Endometriosis is a disorder in which tissue similar to that which grows inside the uterus during a woman’s menstrual cycle grows outside of the uterus, often on or within other organs. It can be quite painful and is one of the top three causes of infertility in women. Endometriosis can be difficult to diagnose, partly due to the fact that its symptoms are similar to many other reproductive disorders. Endometriosis symptoms include:
Painful bowel movements.
Severe abdominal pain.
Lower back pain.
Heavy periods or spotting between periods.
Additional causes of Blocked Fallopian Tubes
Pelvic inflammatory disease, endometriosis and complications from previous ectopic pregnancy are just a few factors that can place women at risk of tubal factor infertility. Other causes of blocked fallopian tubes include:
Scarring from previous surgeries.
Damage from ruptured appendix & repair.
Fallopian tube blockage can not only put a woman at increased risk of ectopic pregnancy, but can also be caused by an ectopic pregnancy. Reproductive technology can help women with tubal blockages or women who have had tubal ligation in the past to become pregnant.
Blocked Fallopian Tubes Treatments
If your fallopian tubes are blocked by small amounts of scar tissue or adhesions, your doctor can use laparoscopic surgery to remove the blockage and open the tubes. If your fallopian tubes are blocked by large amounts of scar tissue or adhesions, treatment to remove the blockages may not be possible.
Surgery aims to open the fallopian tube using one of the following methods:
removing scar tissue
making a new opening on the outside of the fallopian tube
opening the fallopian tube from the inside
Treatment options include
Fallopian Tube Recanalization (FTR)
Fallopian tube recanalization (FTR) is a nonsurgical procedure to clear blockages in the fallopian tubes, part of a woman’s reproductive system.
Salpingectomy is the surgical removal of a fallopian tube. Salpingectomy is different from salpingostomy (also called neosalpingostomy).
Salpingostomy is the creation of an opening into the fallopian tube, but the tube itself is not removed in this procedure.

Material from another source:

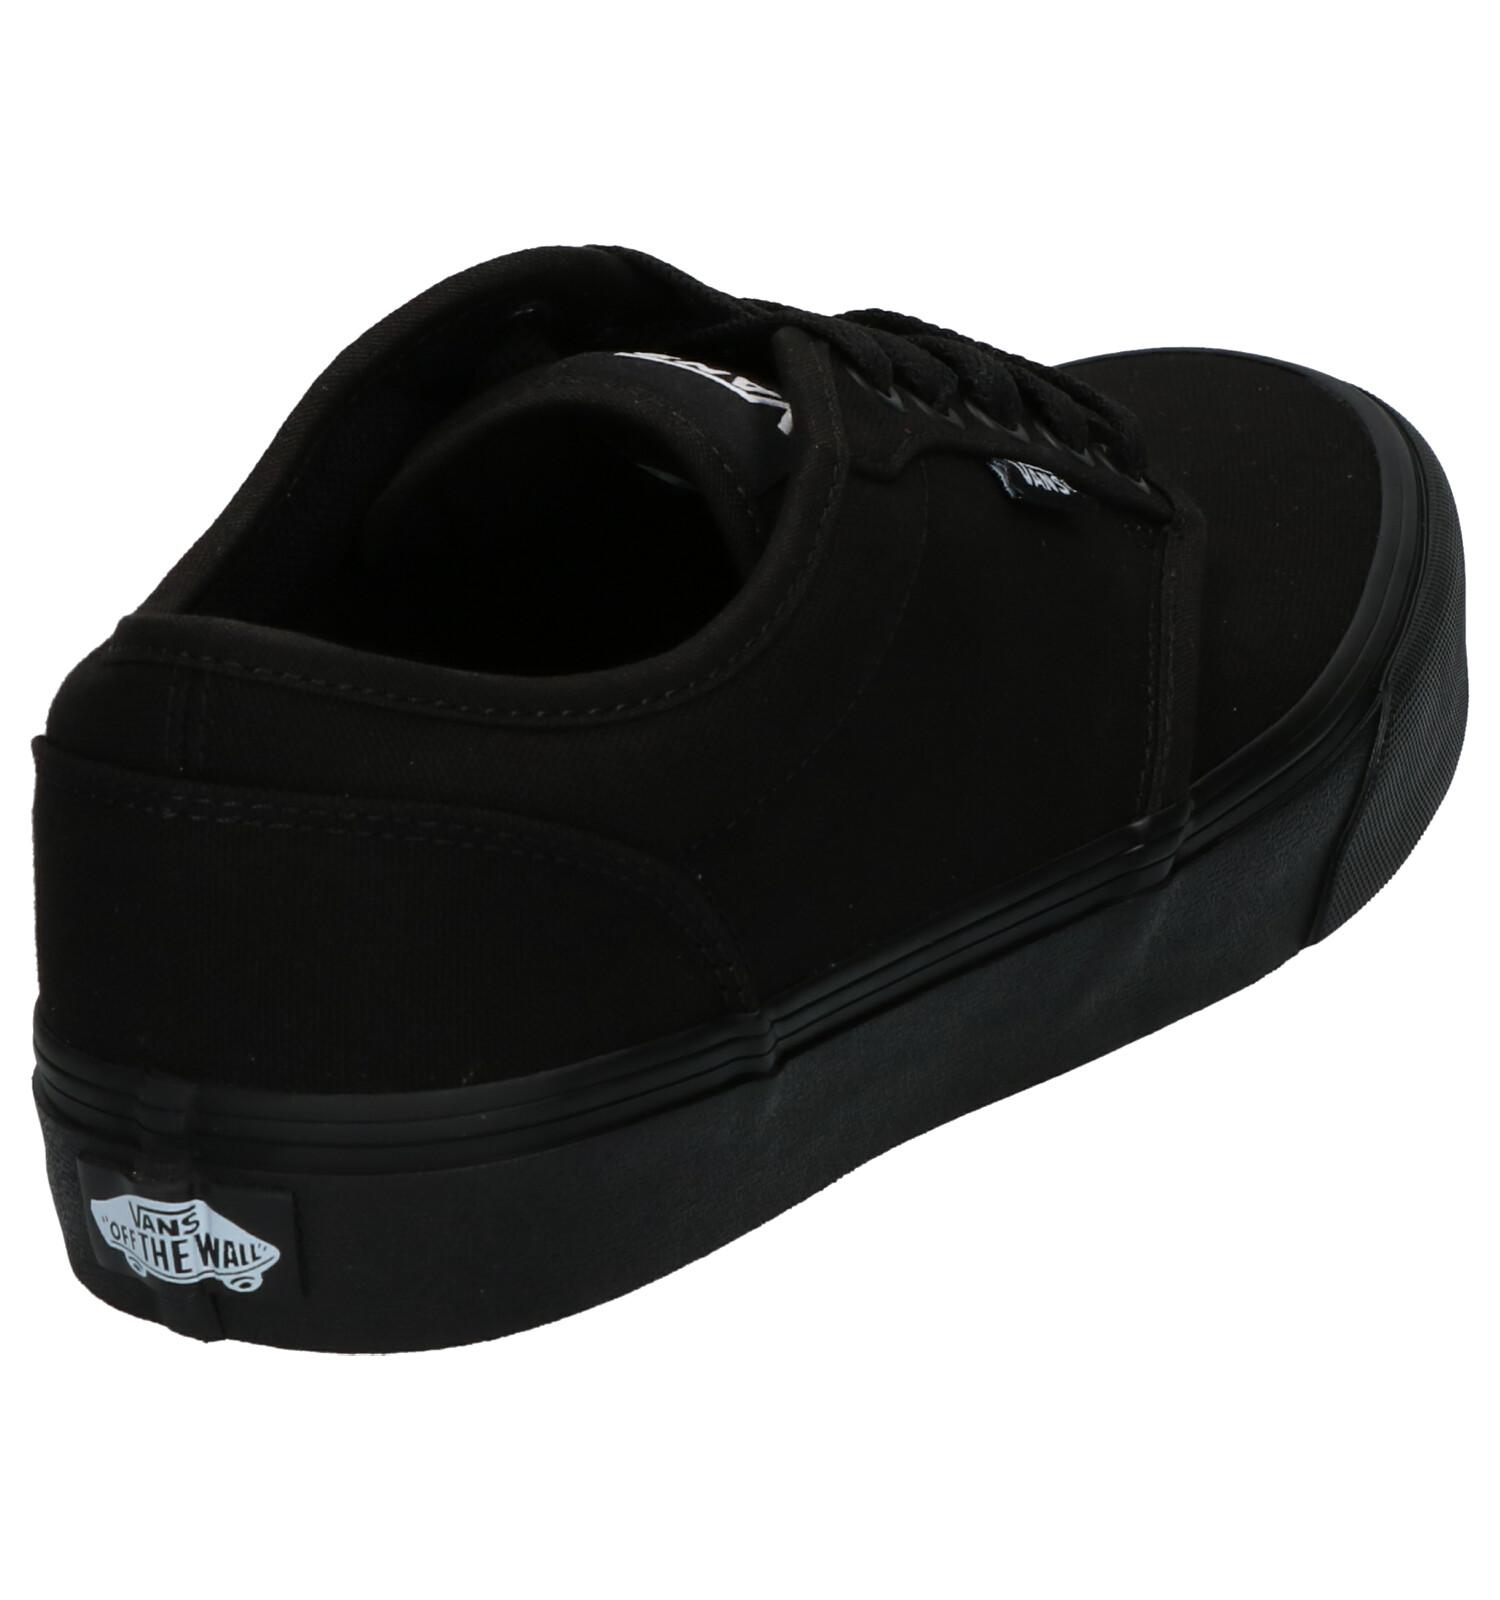 Vans Zwarte Atwood Sneakers Vans Sneakers Vans Sneakers Zwarte Zwarte Atwood Atwood Vans Atwood j54AL3R

The term fimbrioplasty is often used instead of salpingostomy (ie, simply opening the fallopian tube) because salpingostomy does not address the important role of the fimbriae. Reconstruction that preserves the delicate fimbriae is important for fertility outcomes. The purpose of fimbrioplasty is to open the obstructed fallopian tube and salvage enough function of the fimbriae to allow successful entrapment and transportation of the oocyte.
IVF Treatment for Blocked Fallopian Tubes
In vitro fertilization (IVF) is often used to treat infertility caused by tubal disease. IVF is the only treatment available for severely damaged, inoperable fallopian tubes and for situations in which tubal disease is concurrent with another fertility factor.